* Task prompt: Beginning with the line containing "T-shirt blanc avec", write out each line exactly through the end of the listing, and skip all pictures.

* Supplied material:
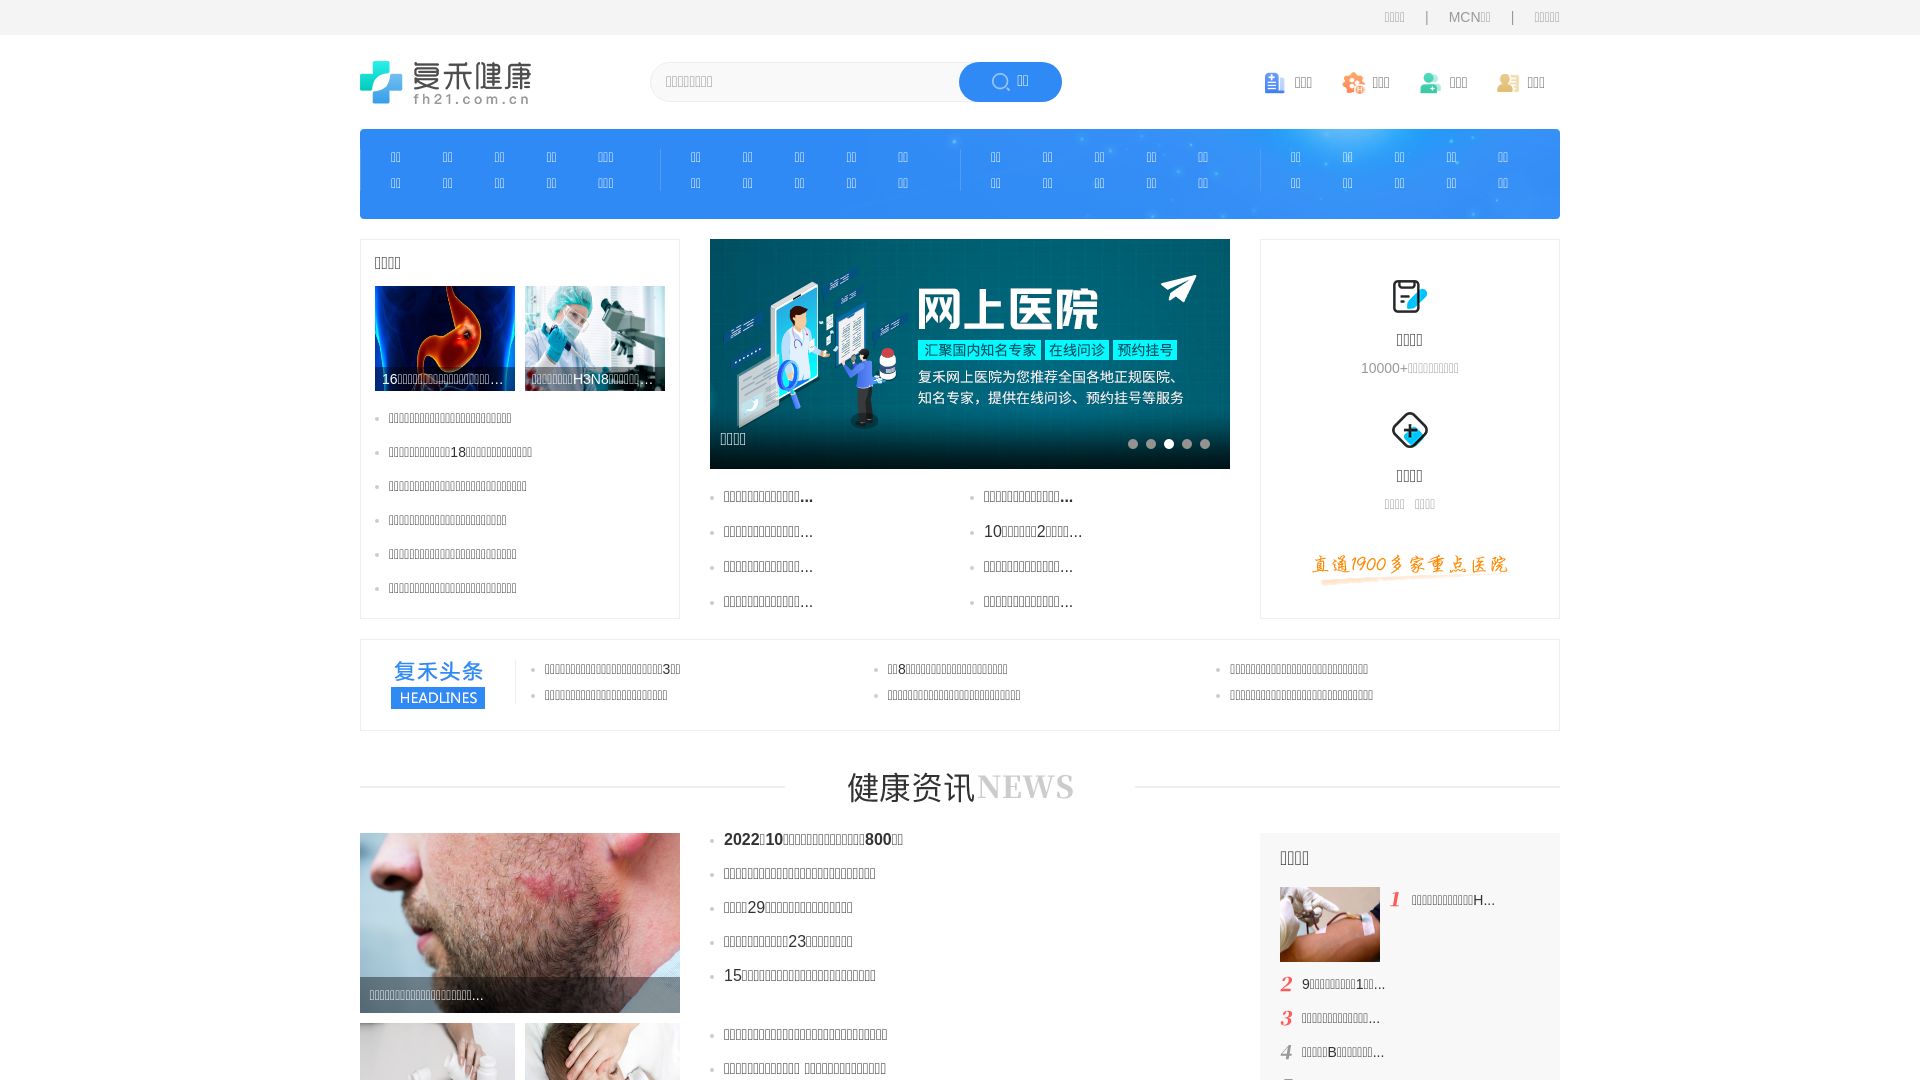 Website status fh21.com.cn is   ONLINE
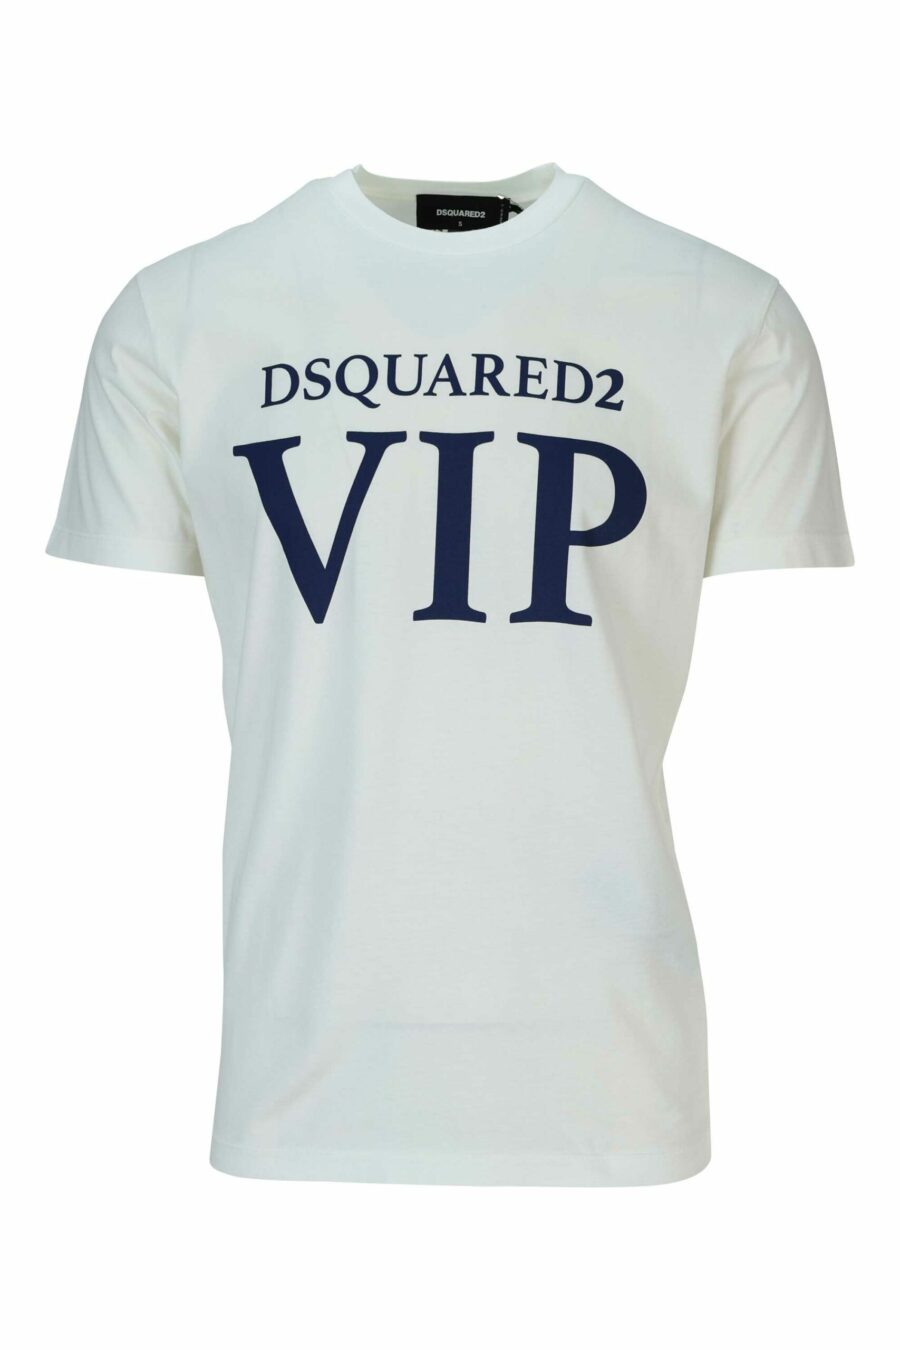 T-shirt blanc avec maxilogo "vip" - 8054148578855 scaled
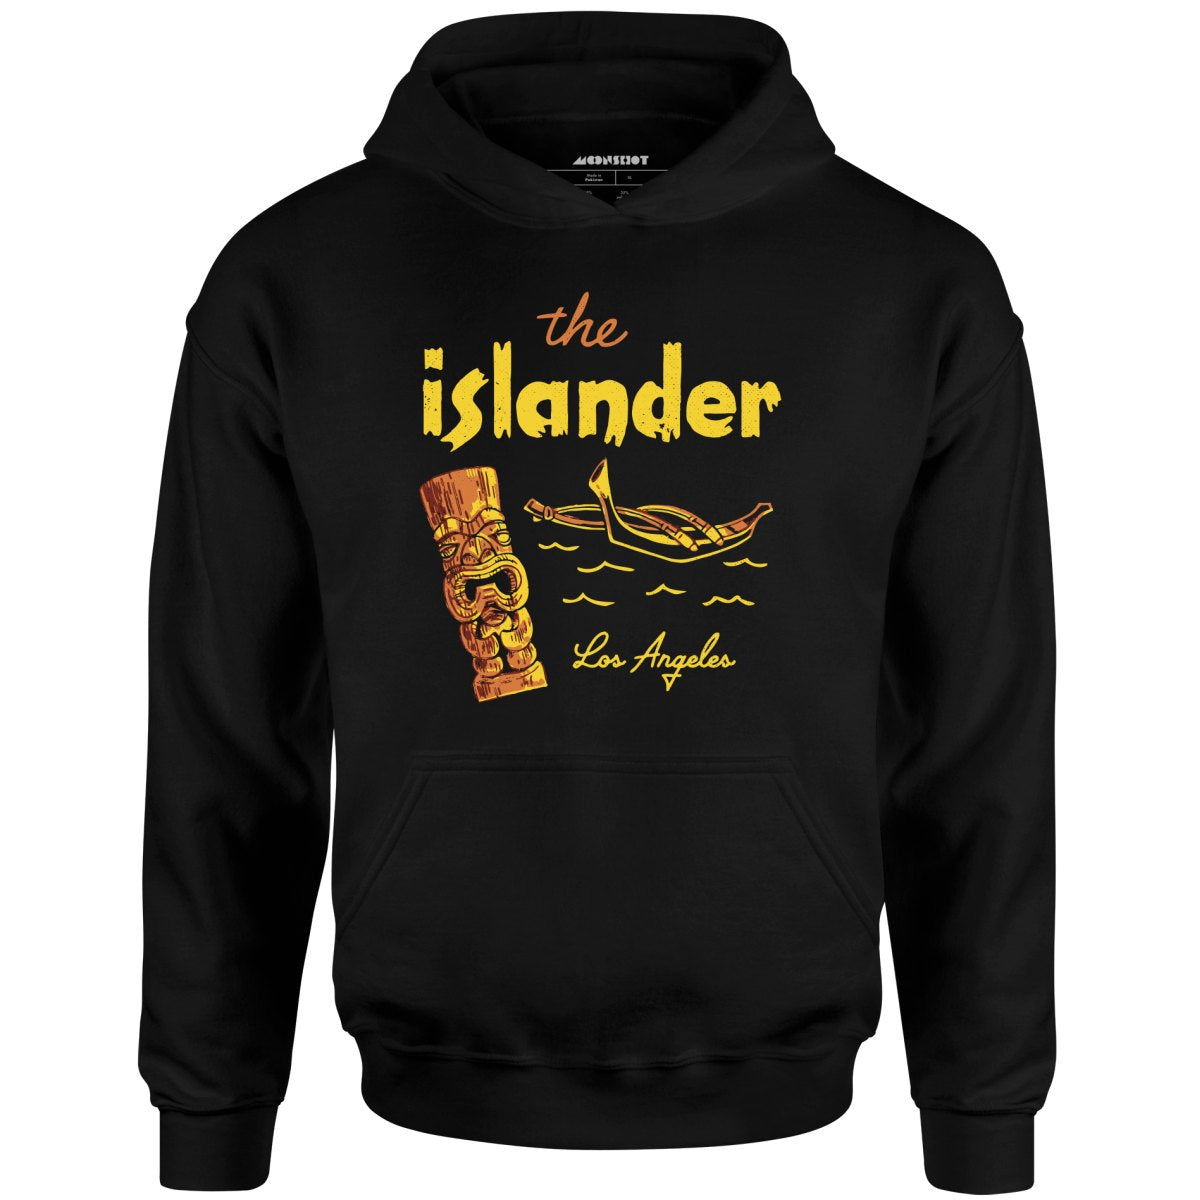 The Islander v2 - Los Angeles, CA - Vintage Tiki Bar - Unisex Hoodie
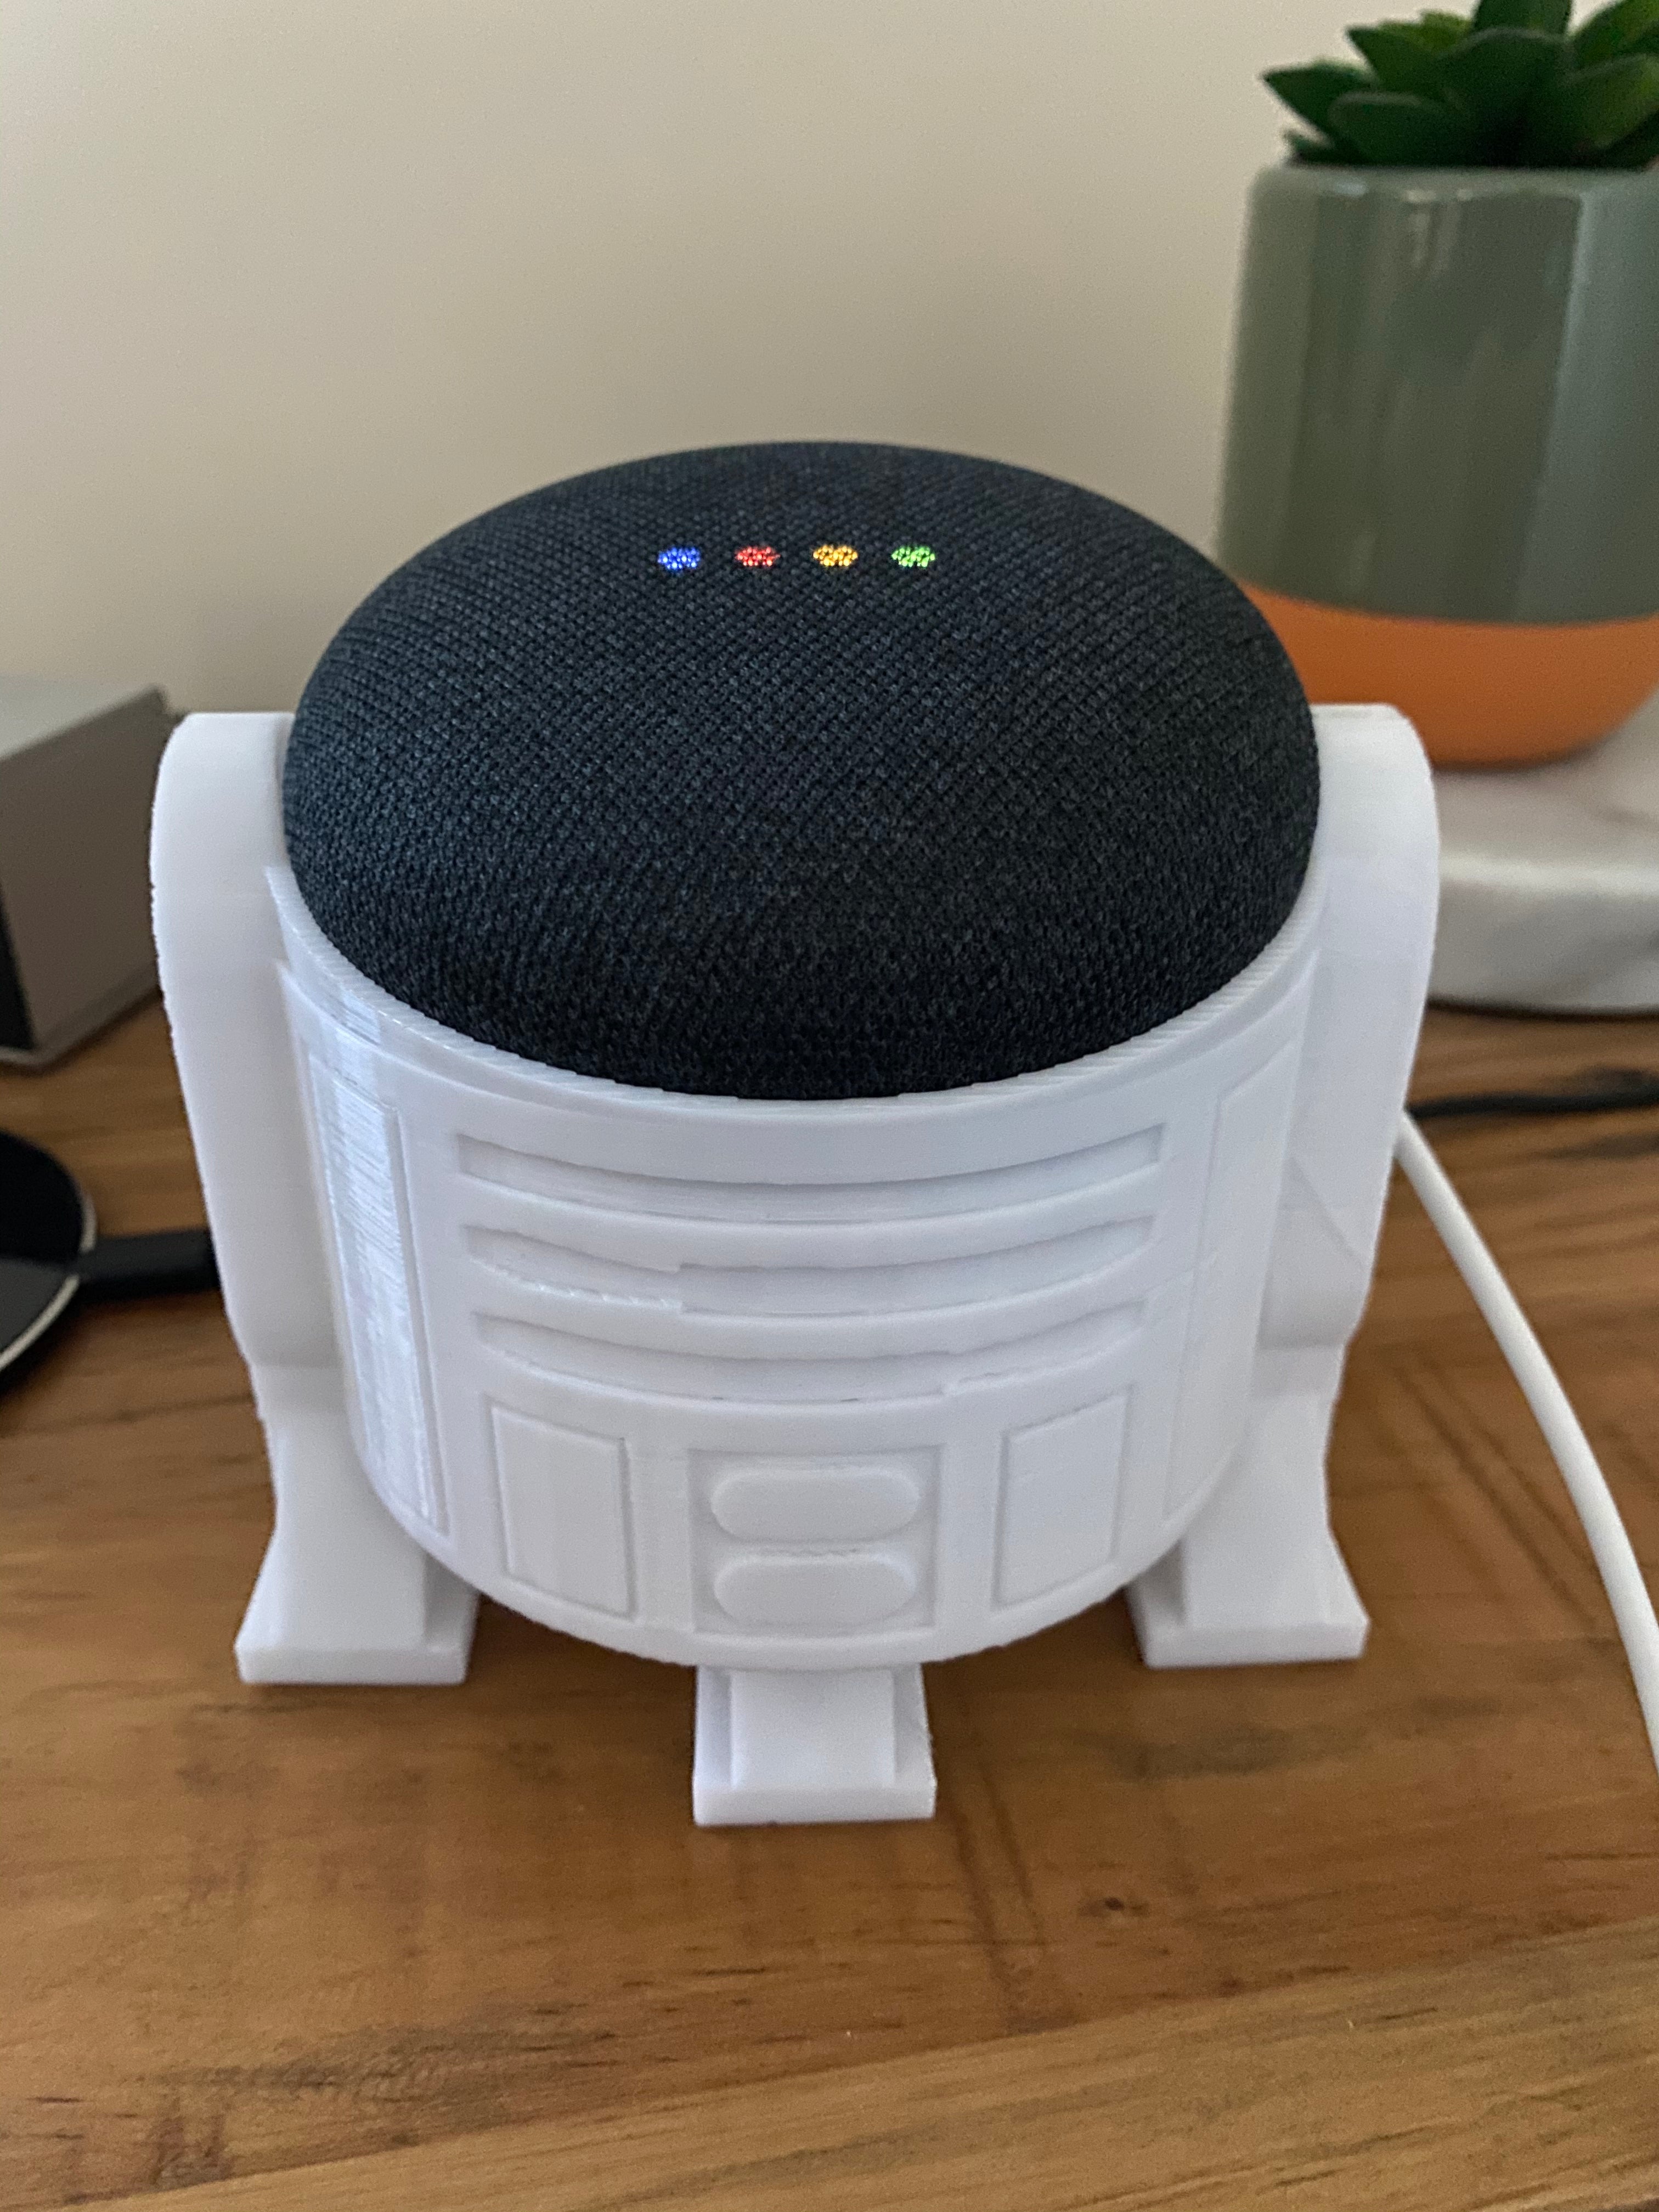 R2D2 fits the Google Nest Mini

* Answer below:
 T-shirt blanc avec maxilogo "vip" - 8054148578855 scaled
 The Islander v2 - Los Angeles, CA - Vintage Tiki Bar - Unisex Hoodie
 R2D2 fits the Google Nest Mini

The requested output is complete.